Post-Settlement-Settlement
Noch ein interessanter Hinweis: Es kommt nicht selten vor, dass man am Ende einer Verhandlung nicht wirklich mit dem Ergebnis zufrieden ist. Man hat eine Vereinbarung, was aber nicht bedeutet, dass die Verhandlungen damit zu Ende sind. Dann könnte man ein „Post-Settlement-Settlement versuchen – eine Vereinbarung nach der Vereinbarung. In einem solchen Fall also endgültig abschließen, sondern teilen Sie der anderen Seite mit, dass Sie bereit sind, die vereinbarten Ergebnisse umzusetzen, es aber für beide Seiten von Vorteil sein könnte, sich noch einmal an einen Tisch zu setzen.
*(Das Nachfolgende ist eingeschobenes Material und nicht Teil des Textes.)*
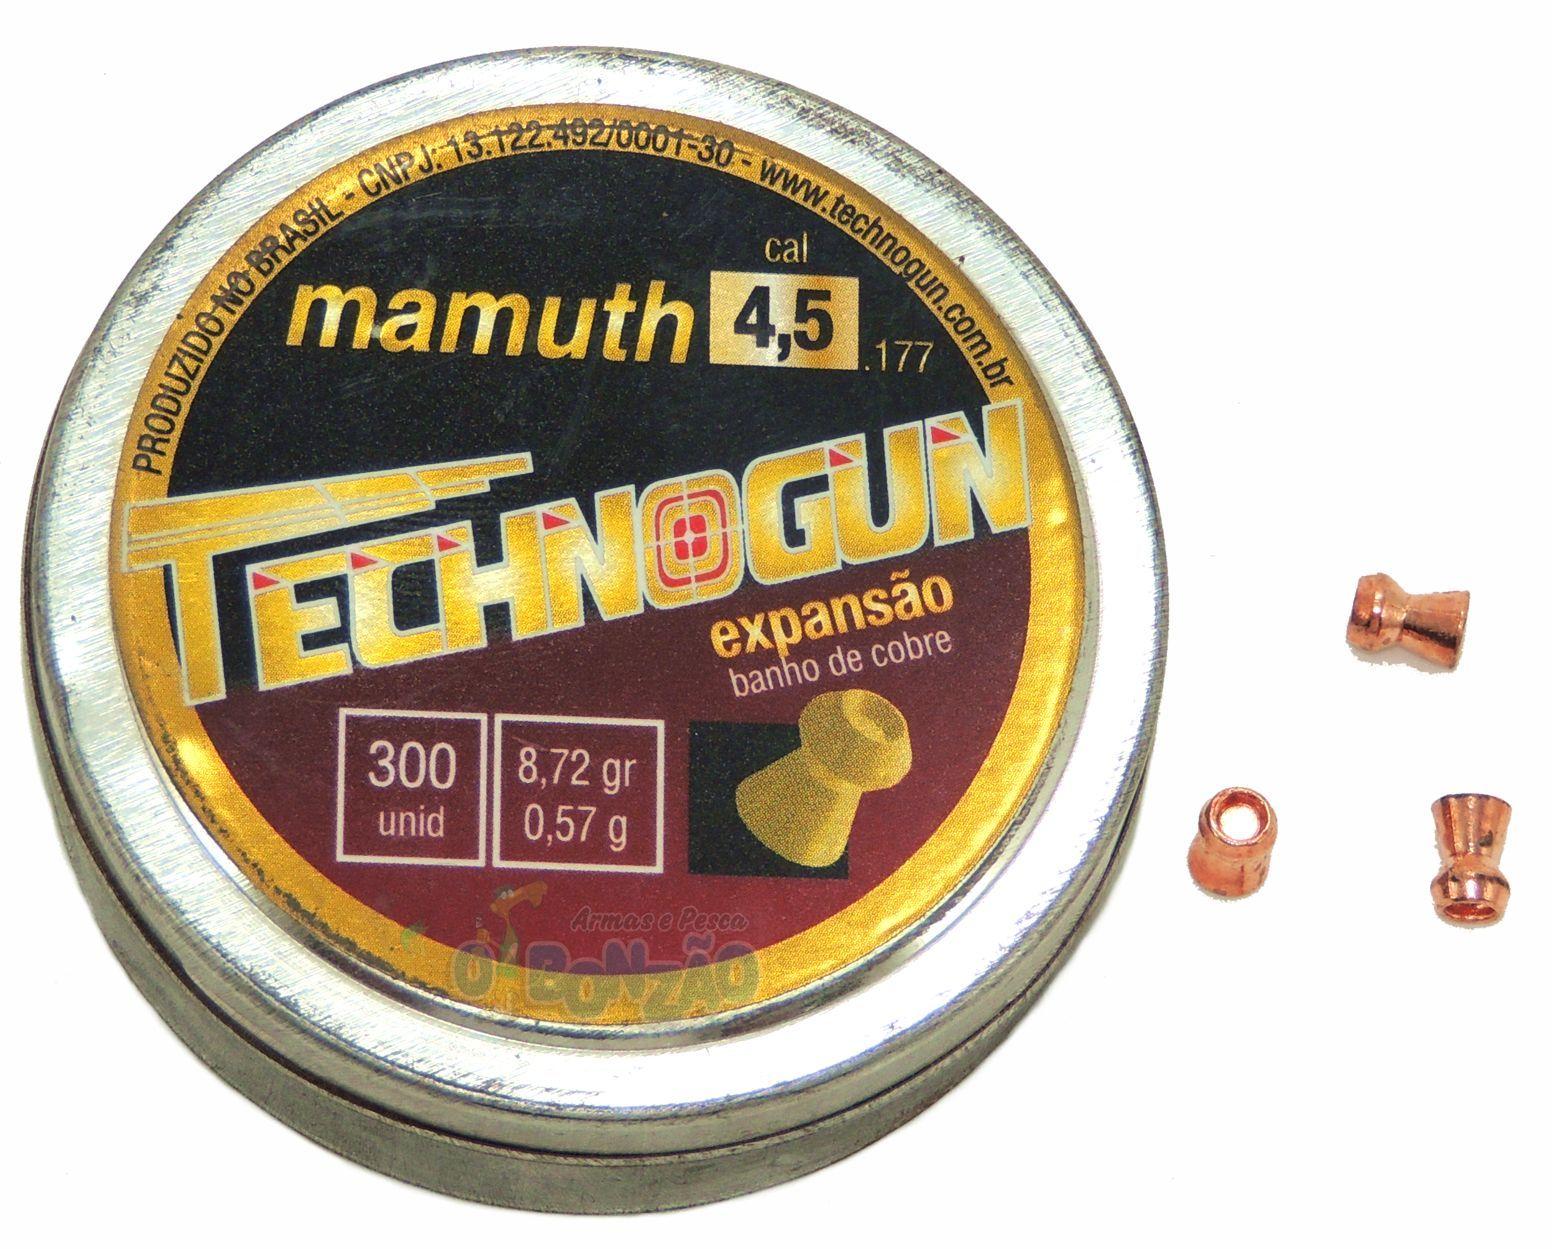 Chumbinho Technogun Mamuth Expansão Cal. 4,5mm - 300 unidades Banho de Cobre

Die Erfahrung zeigt, dass nach einem Deal die Beteiligten oft entspannter sind und damit offener auch in Sachen Informationsaustausch. Es muss allerdings klar sein, dass Sie nicht von der einmal erzielten Vereinbarung zurücktreten werden. Diese „Nachverhandlung“ muss nicht unbedingt im Anschluss an die eigentliche Verhandlung stattfinden, es kann auch einige Zeit später geschehen.
Erfahrene Verhandler mögen all das schon kennen, für mich gab es durchaus einige Aha-Erlebnisse.